On Feb 27, 2013, at 12:21 PM, Ladislav Lenart <lenart...@volny.cz> wrote:

> Hello.
> 
> Suppose I have the following mapped classes, A and B, that have two distinct 
> M:N
> relationships, AB1 and AB2. If A.x is null, only relations in AB1 apply. If it
> is not null, only relations in AB2 apply. A also has 1:N relationship to C 
> (one
> A can have more Cs). Finally, A is infact a joined table inheritance 
> superclass
> with two subclasses, A1 and A2. I want to select all As for a given B via AB1 
> or
> AB2. I also want to prefetch A.cs of the results using joinedload. I use the
> code like this:
> 
> q1 = session.query(A).with_polymorphic([A1, A2])
> q1 = q1.filter(exists().where(and_(
>    A.x == None,
>    AB1.a_id == A.id,
>    AB1.b_id == b_id, # input argument
> ))
> 
> q2 = session.query(A).with_polymorphic([A1, A2])
> q2 = q2.filter(exists().where(and_(
>    A.x != None,
>    AB2.a_id == A.id,
>    AB2.b_id == b_id, # input argument,
> ))
> 
> q = q1.union_all(q2)
> q = q.options(
>    joinedload(A.cs),
> )
> 
> return q
> 
> This creates the following SQL:
> 
> SELECT ....
> FROM (
>    SELECT... -- via AB1
>    UNION ALL
>    SELECT ... -- via AB2
> ) anon_1
> LEFT OUTER JOIN c ON c.a_id = a.id -- error line
> 
> This fails with a missing from clause error for table a.

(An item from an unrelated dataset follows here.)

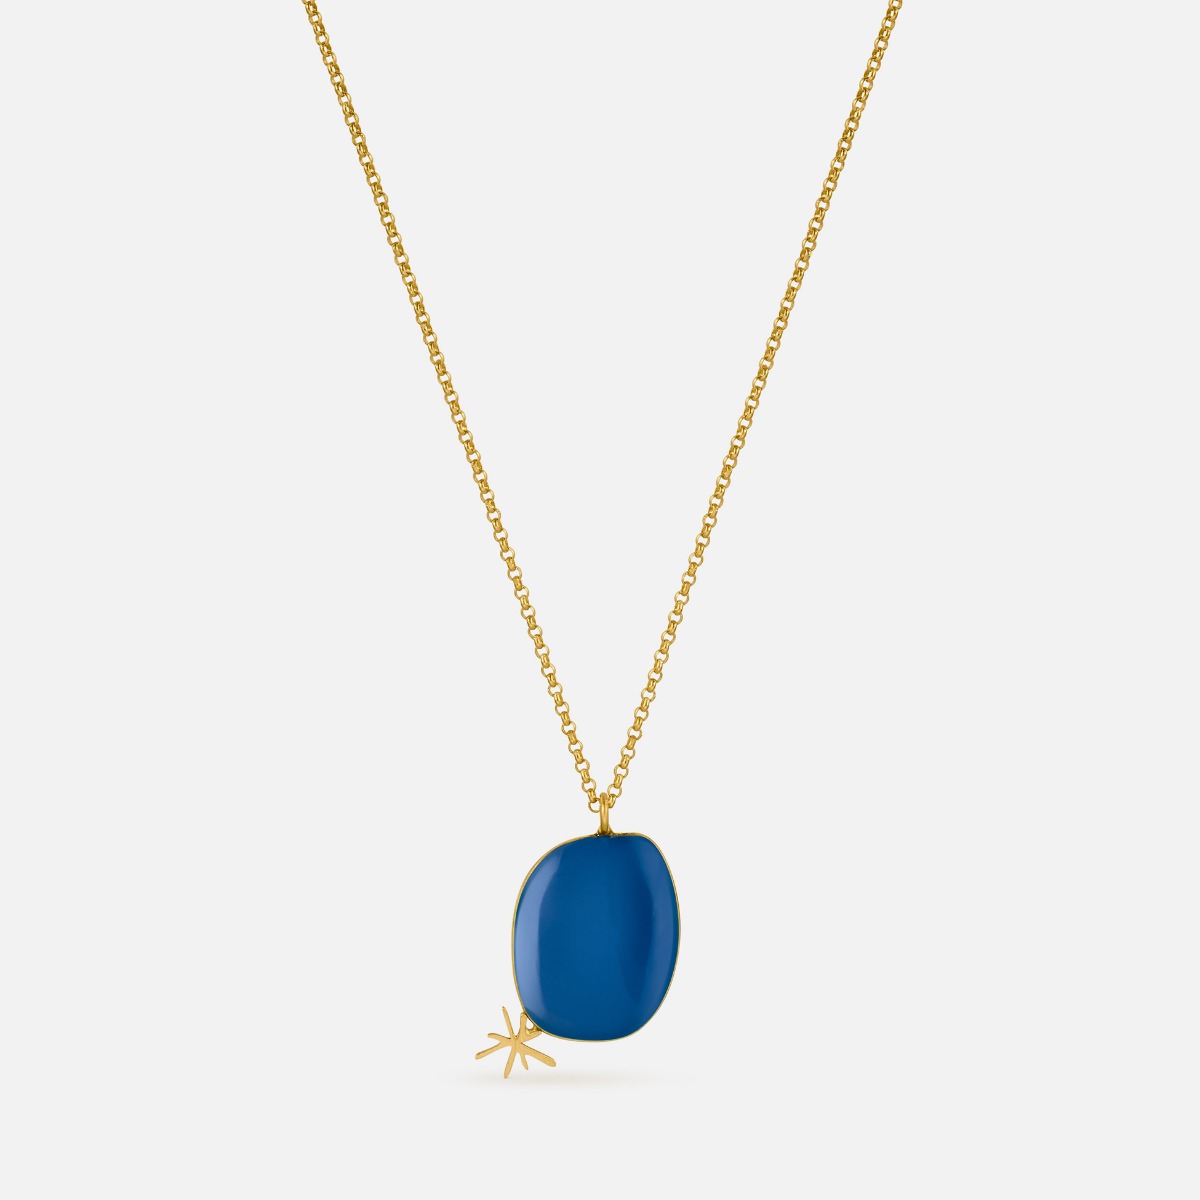 Miró Blue Pendant

The attribute a.id is
> actually anon_1.a_id.

I'm kind of amazed it even managed to render that without bombing out a lot 
sooner.   I'm not sure joinedload() is sophisticated enough right now to figure 
out the two queries inside of a UNION and all of that, one thing to try would 
be if your code has different/better/worse behavior on 0.8 (I'd be curious), 
but short of that the workaround is to join explicitly and then use 
contains_eager(), like:

q = q.outerjoin(A.cs).options(contains_eager(A.cs))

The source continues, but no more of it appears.